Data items

------------------------------------------------

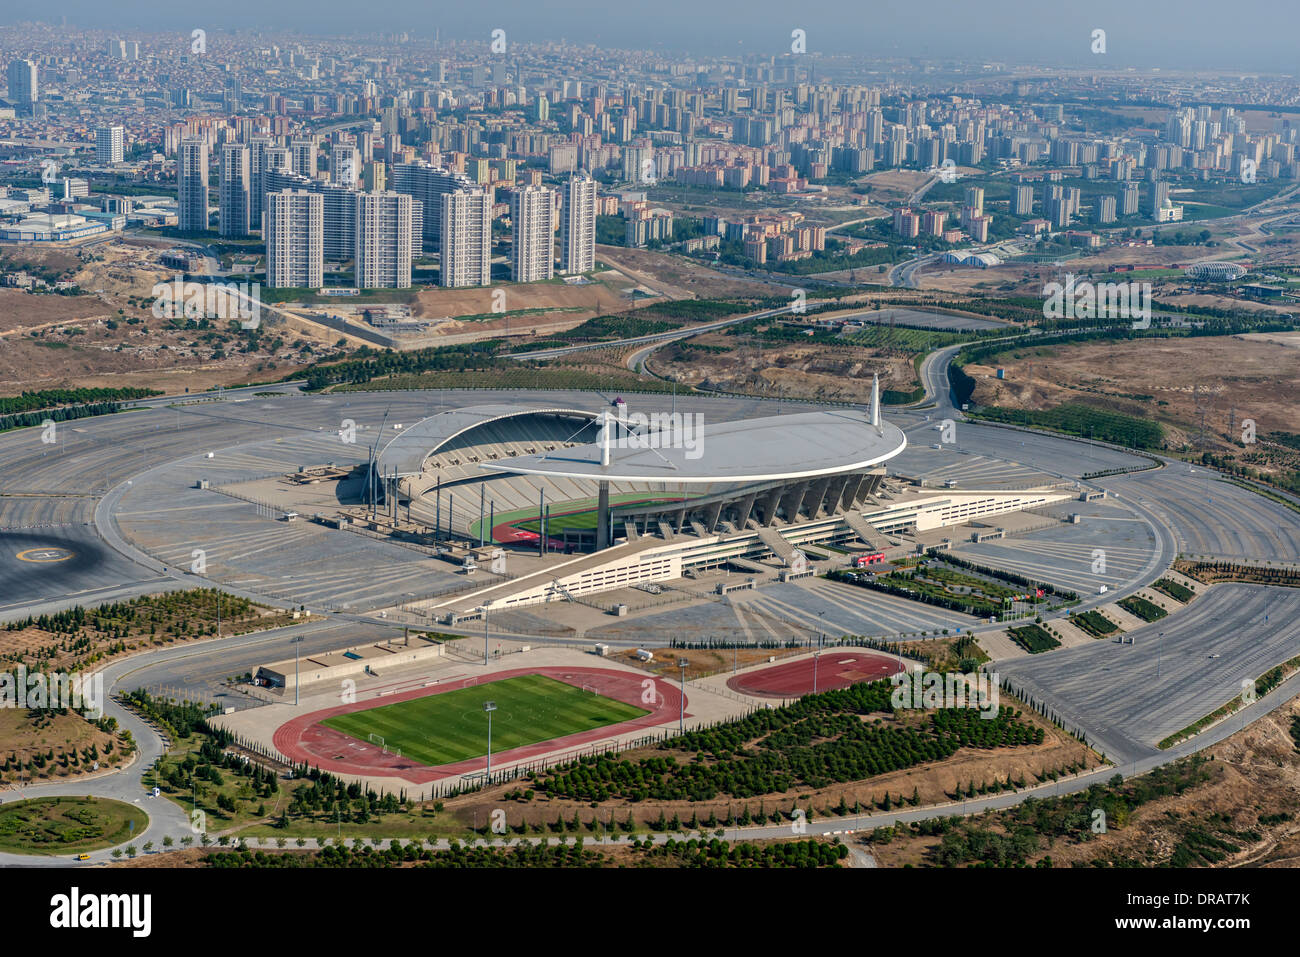 Ataturk Olympic Stadium located in Ikitelli. The stadium ...
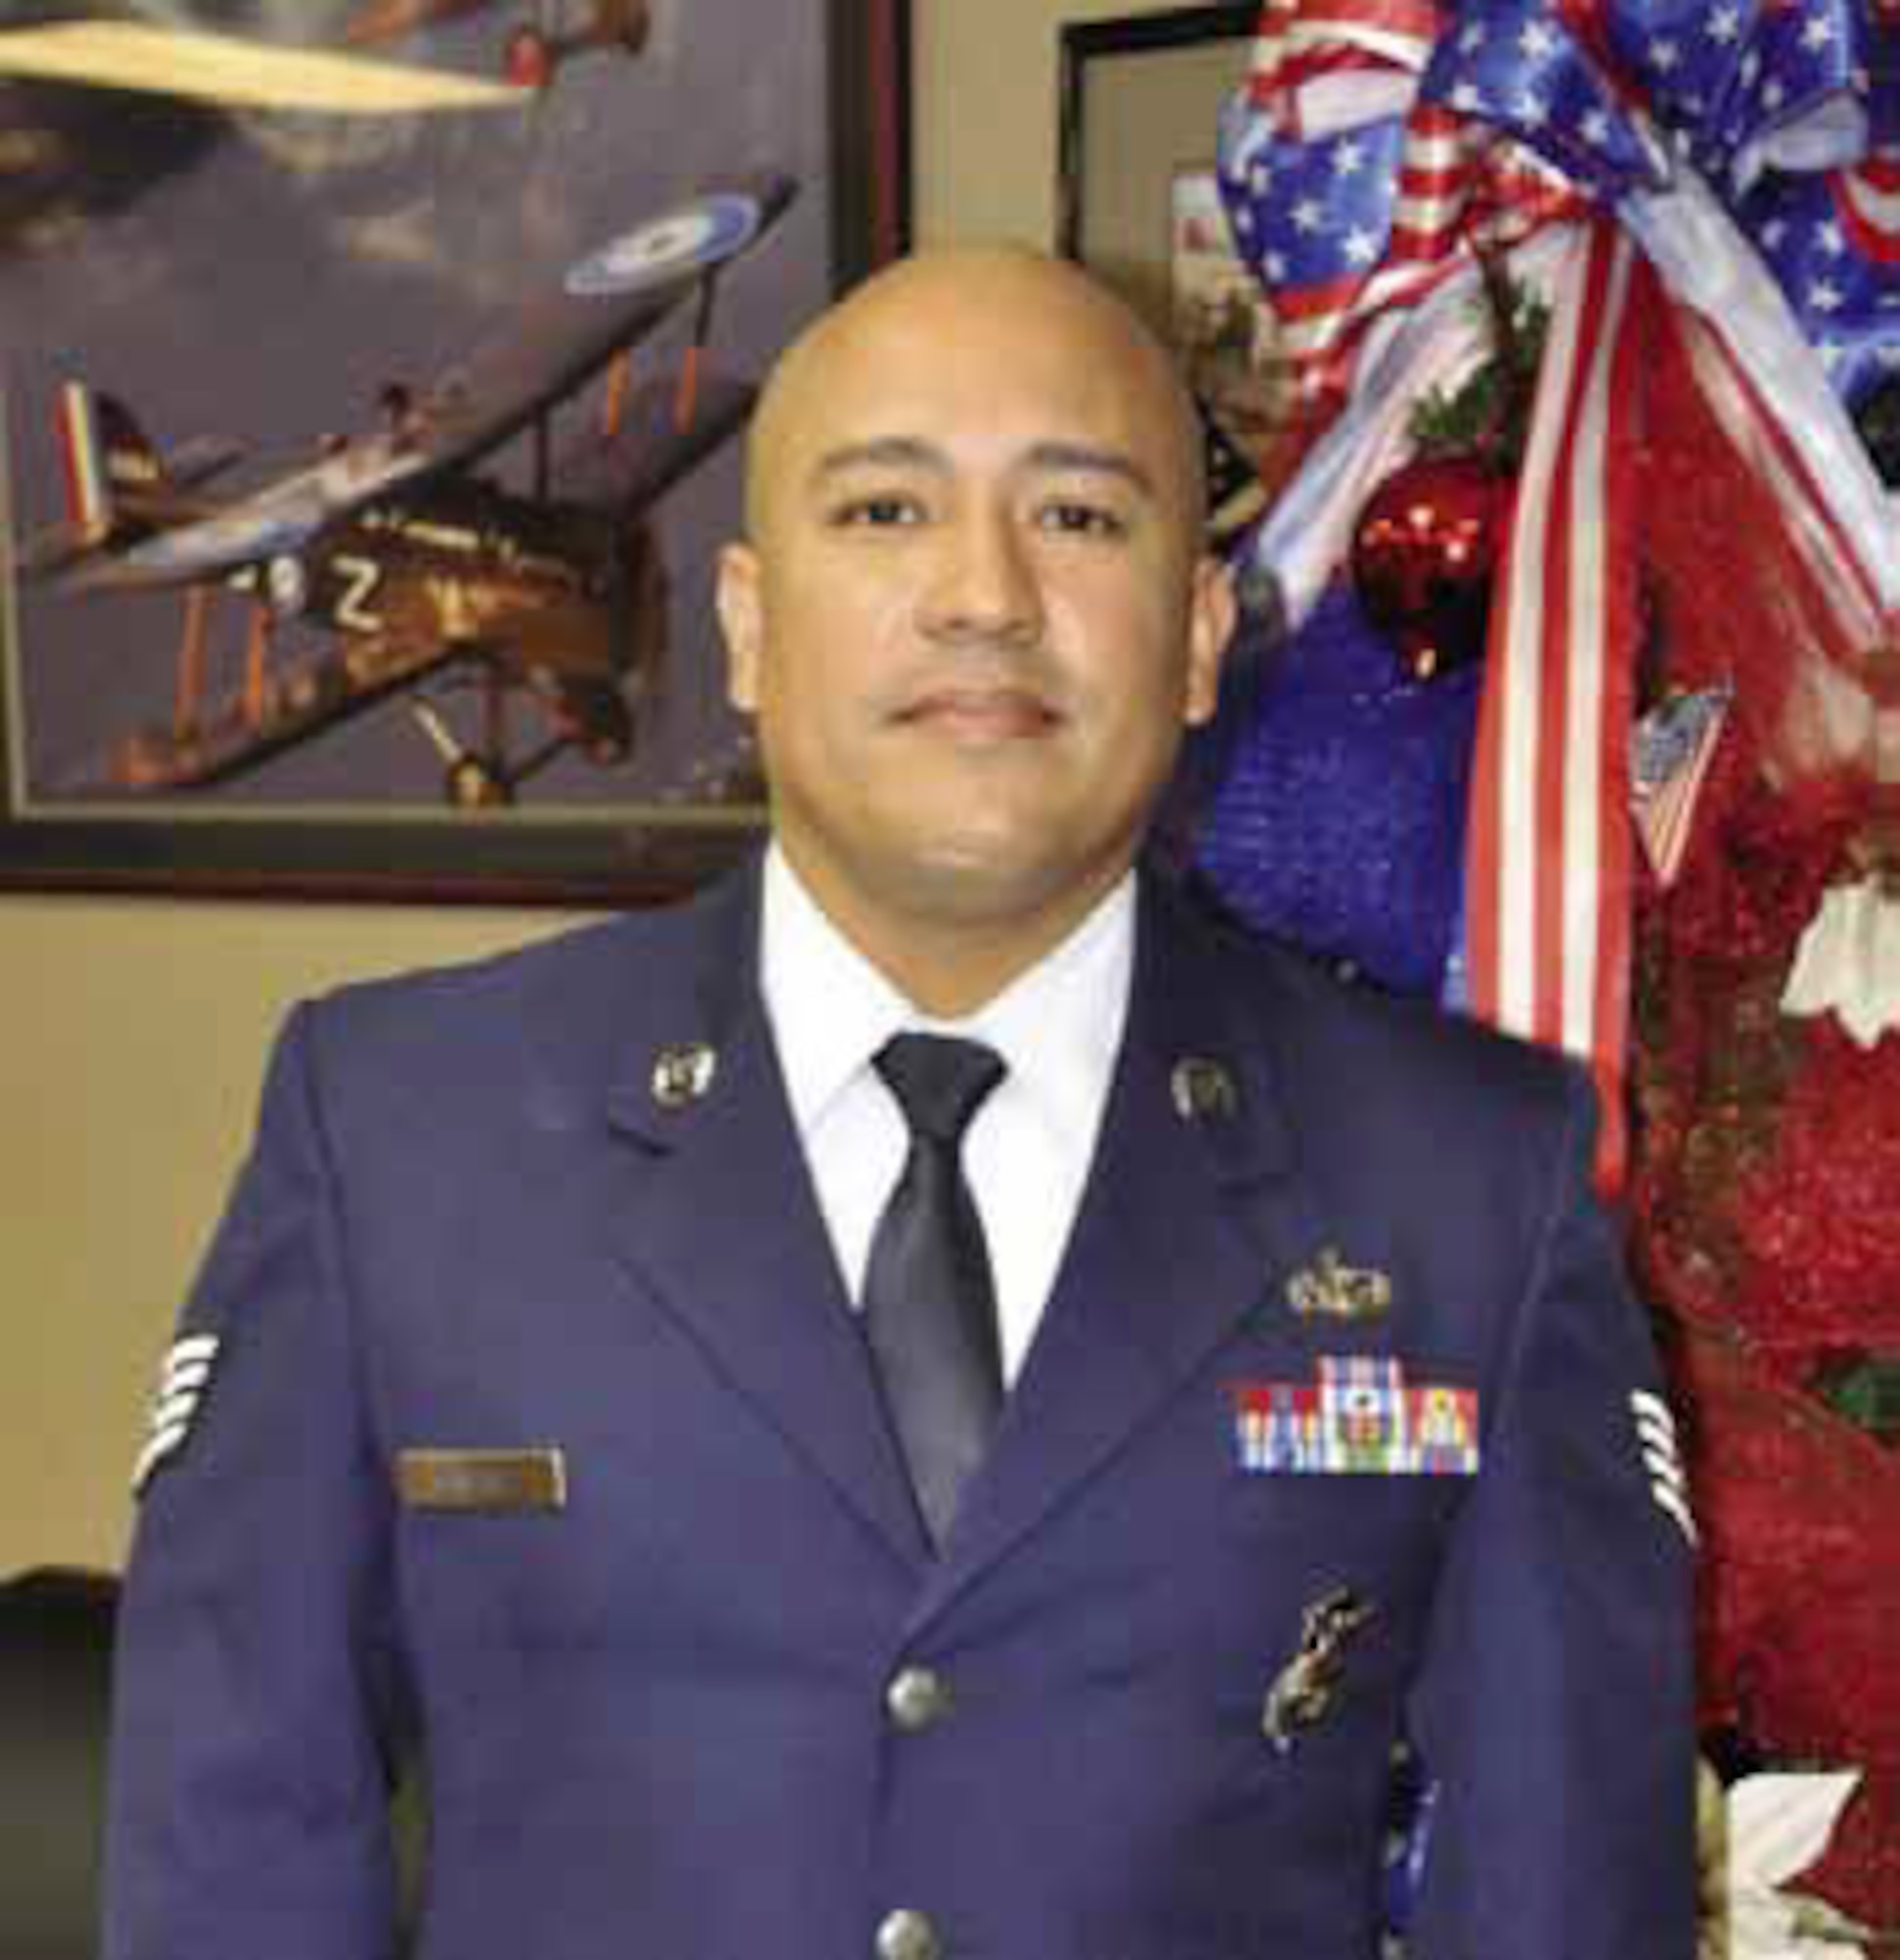 Staff Sgt. Luz A. Gonzalez
452d Security Forces Squadron
NCO of the quarter 
First Quarter FY 2013

------------------------------------------------

Once the pictures are set aside, the remaining data must be transcribed exactly.

 Ataturk Olympic Stadium located in Ikitelli. The stadium ...
 Staff Sgt. Luz A. Gonzalez
452d Security Forces Squadron
NCO of the quarter 
First Quarter FY 2013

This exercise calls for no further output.